Ch. 1
< -- one -- >
· ·
Eyes closed and head down I tried to figure out how the hell did I get myself in detention with only two weeks of school left. The blame could easily - and I mean easily, go to Griffin but Principle Howard insisted that it was my fault because I threw the first punch. Little to Principle Howard's knowledge I witnessed Griffin roll around saliva in his mouth before spitting it at Ethan's head.
I may not be the friendliest person at Colonial High but bullying was something I never tolerated. I hated to see it and I hated when it was done to me in elementary. Once my older brother Cas taught me how to stand up to my bullies, they left me alone. Granted, my string of suspensions began at the early age of nine and my parents threatened to send me off to boarding school more than once but word quickly got around and I was left alone.
I wasn't pissed that I had detention instead of Ethan. I was pissed because Griffin somehow weaseled his way out of it . . . again. That douche created trouble almost everyday and yet somehow managed to never actually get in trouble. Those who were not blind knew that Principle Howard was currently dating Griffin's aunt and trying to stay in her good gracious.

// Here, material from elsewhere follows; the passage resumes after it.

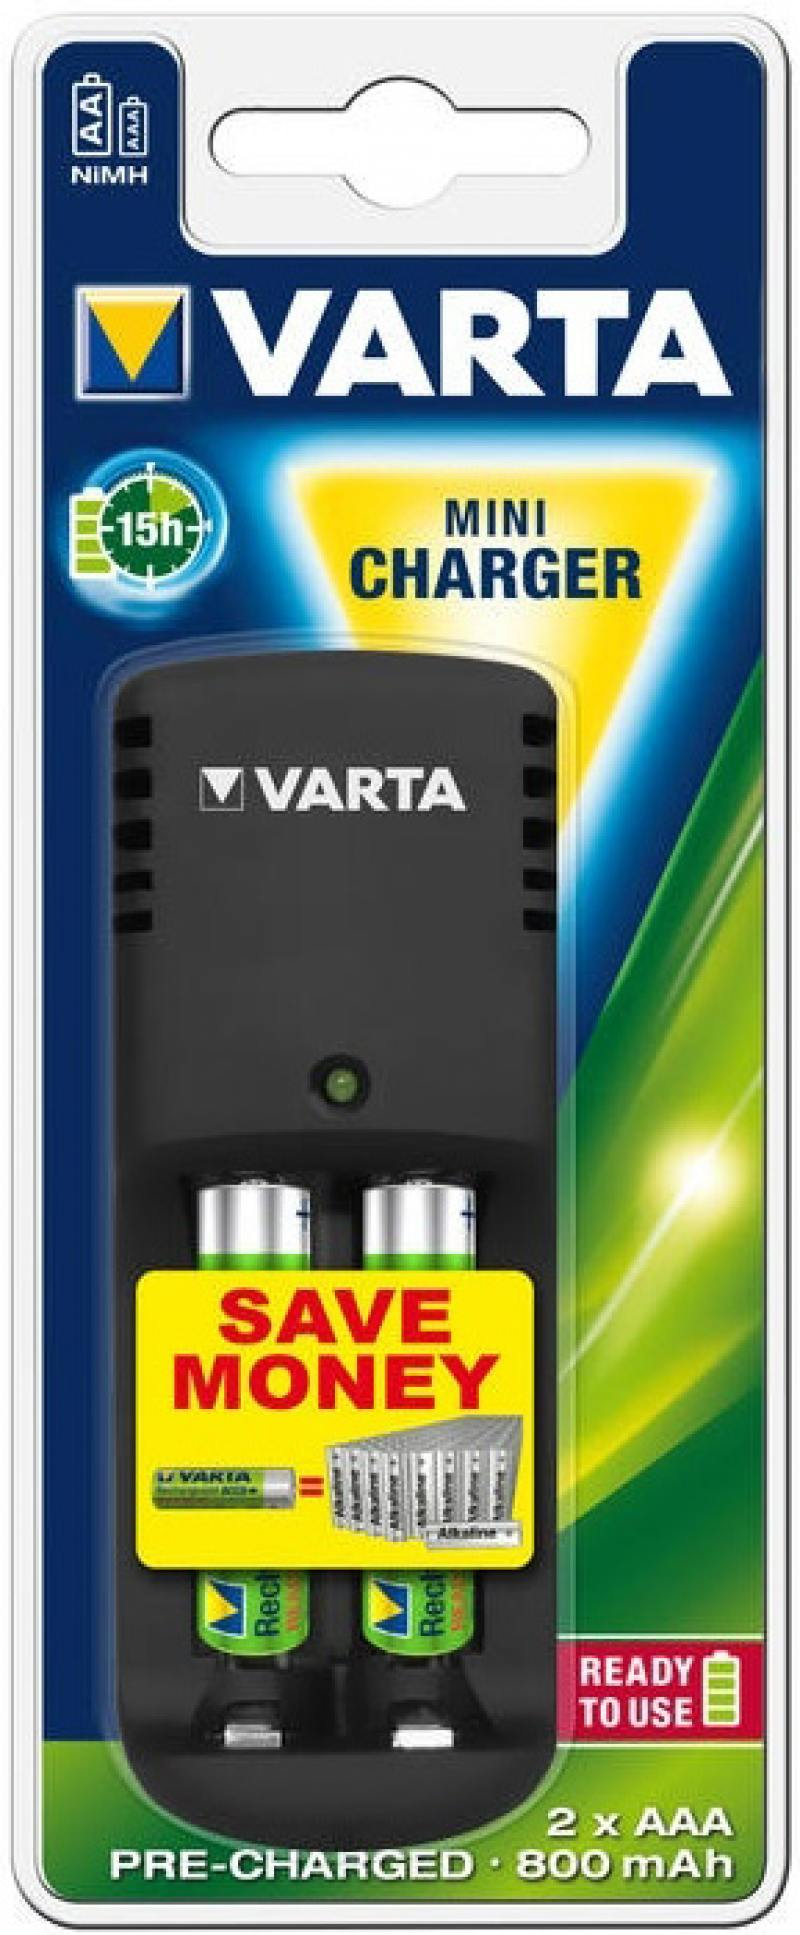 Зарядное устройство + аккумуляторы 800 mAh Varta Mini Charger AA/AAA 2 шт аккумуляторы varta aaa r2u 800 мач блистер 4шт

Either way it didn't matter why I threw the first punch since my parents thought I was acting out and getting in trouble so much because of Cas' death which was the exact opposite. I stopped talking to people because of the sadness in their eyes. The way they would try and read into my silence as if I would just open my mouth and spew all my feelings over their shirt. Most of all I hated the way they would stare at the way I hid my arm.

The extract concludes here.